§ **Your instructions**: The required output is the lines from the one with "SEAMLESS TRIPLE CRISS-CROSS" through the end of the data, repeated verbatim, with no pictures included.

§ **Given data**:

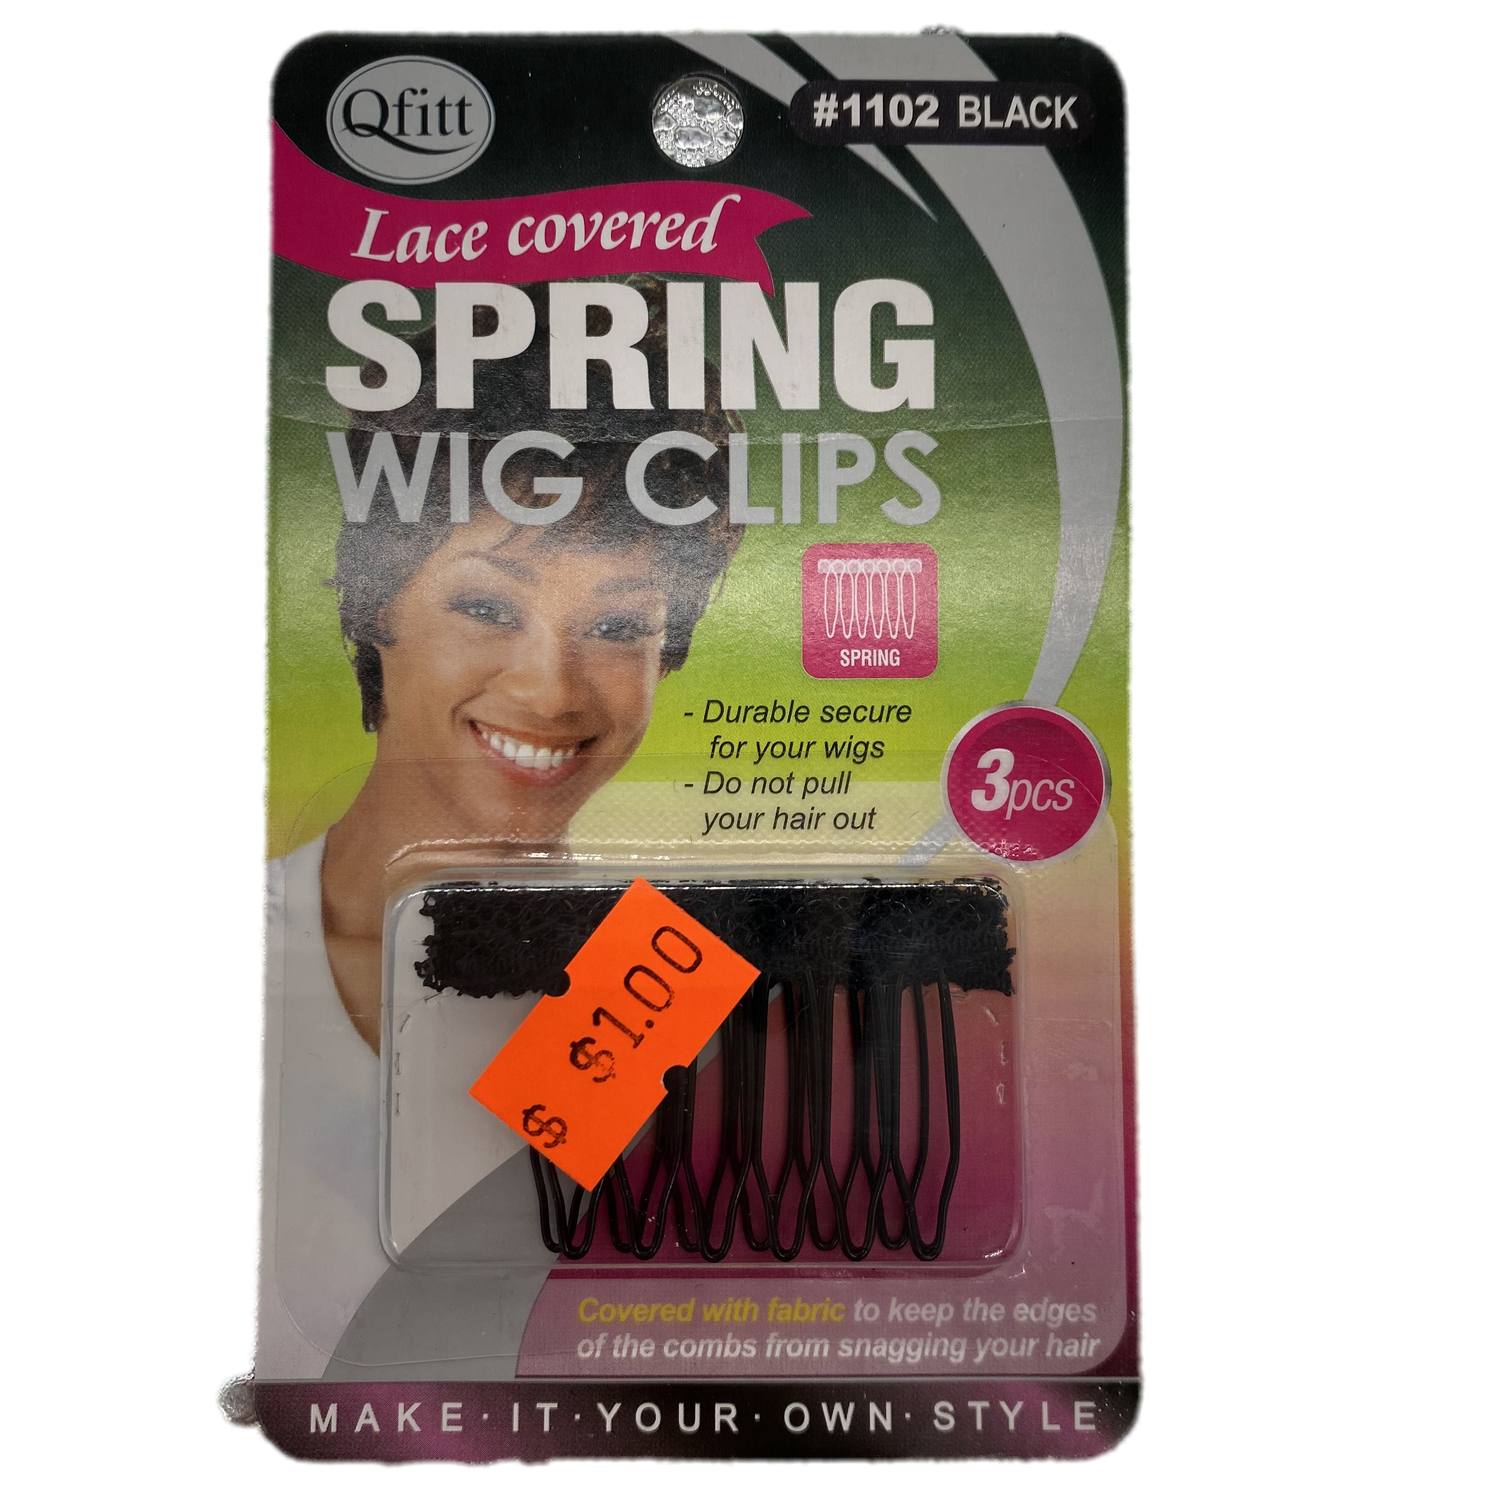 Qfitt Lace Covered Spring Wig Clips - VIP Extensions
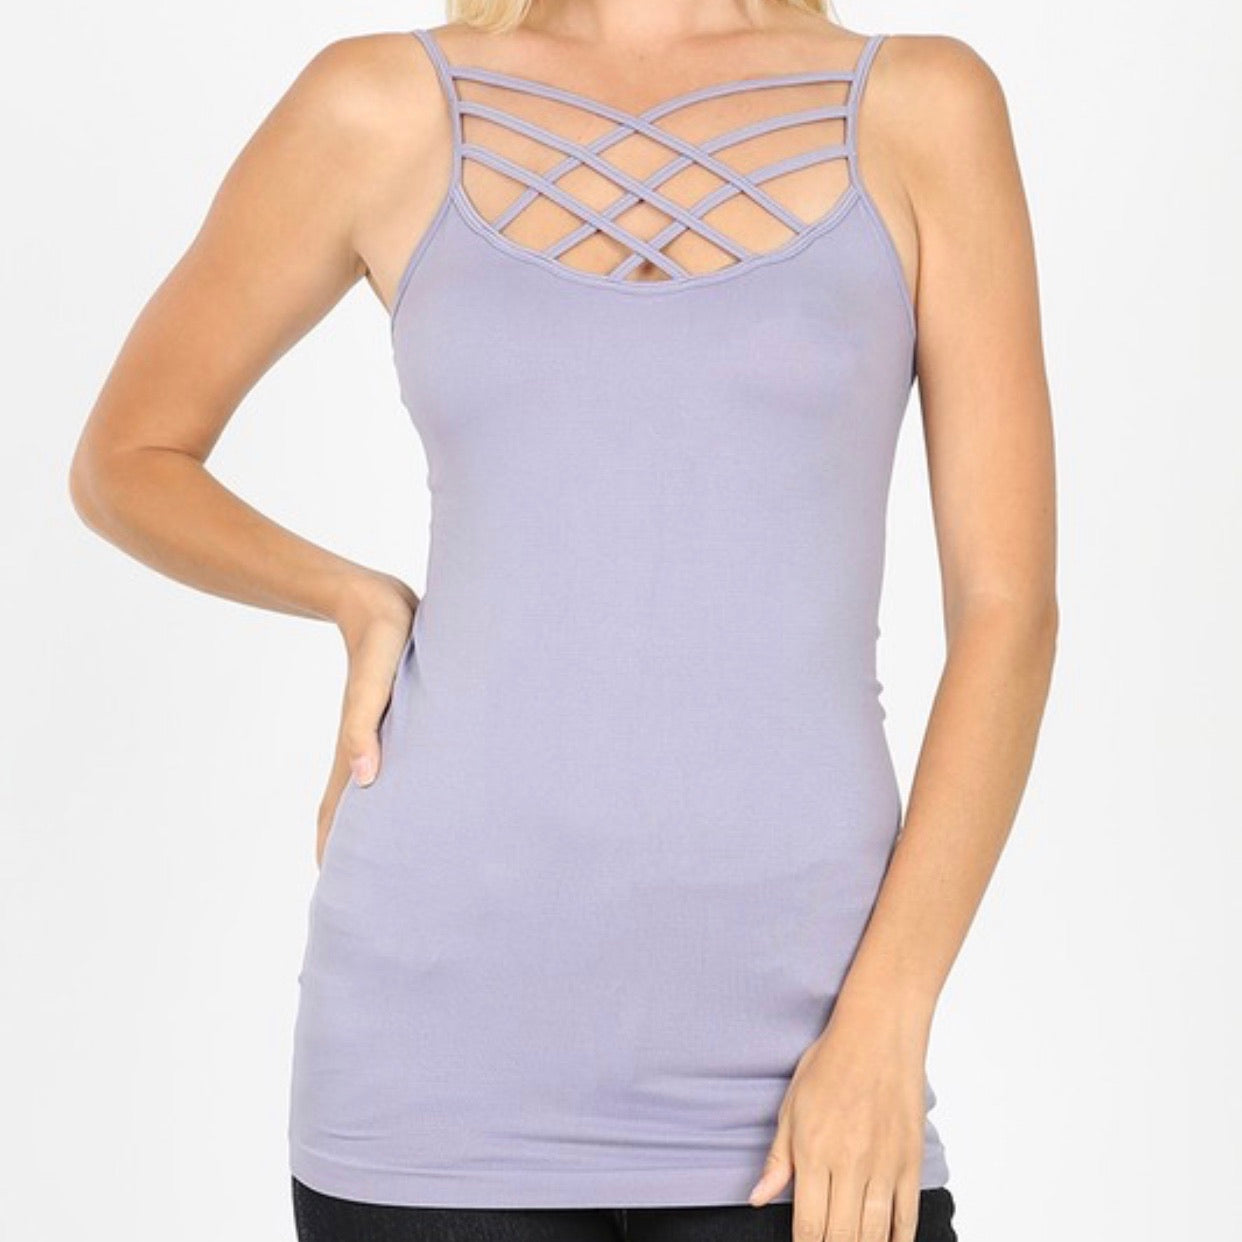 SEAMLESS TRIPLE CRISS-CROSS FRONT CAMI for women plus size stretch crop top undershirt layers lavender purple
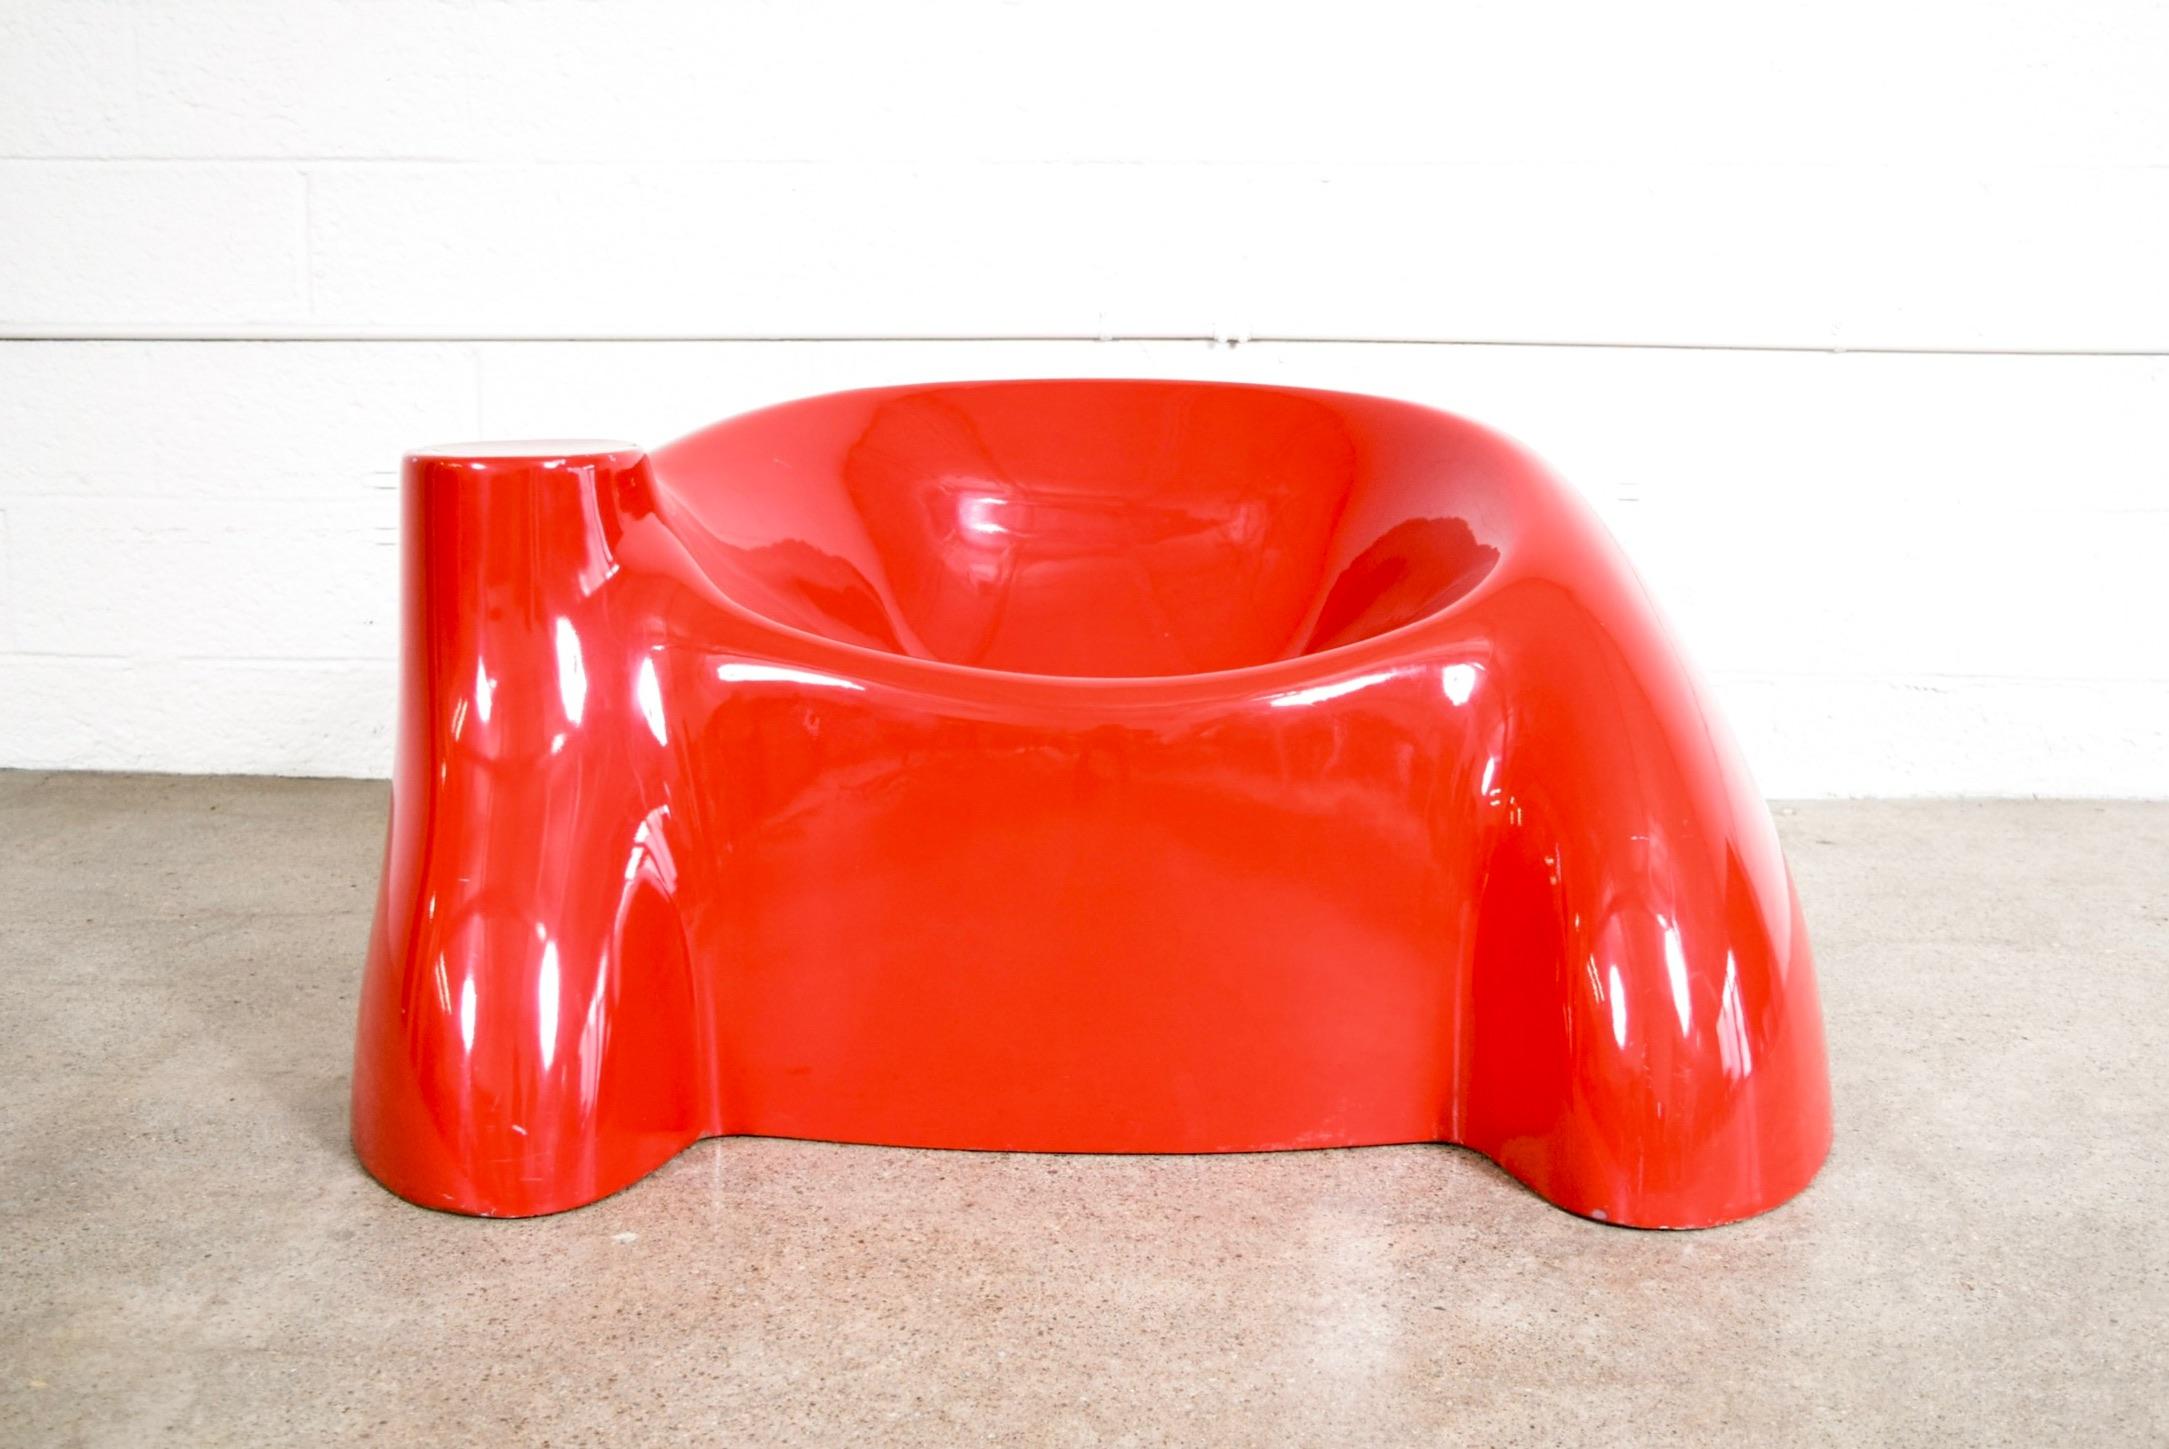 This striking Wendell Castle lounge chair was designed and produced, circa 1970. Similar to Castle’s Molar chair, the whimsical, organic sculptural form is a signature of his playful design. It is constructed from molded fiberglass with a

§ **Solution to the problem**:
 SEAMLESS TRIPLE CRISS-CROSS FRONT CAMI for women plus size stretch crop top undershirt layers lavender purple
 This striking Wendell Castle lounge chair was designed and produced, circa 1970. Similar to Castle’s Molar chair, the whimsical, organic sculptural form is a signature of his playful design. It is constructed from molded fiberglass with a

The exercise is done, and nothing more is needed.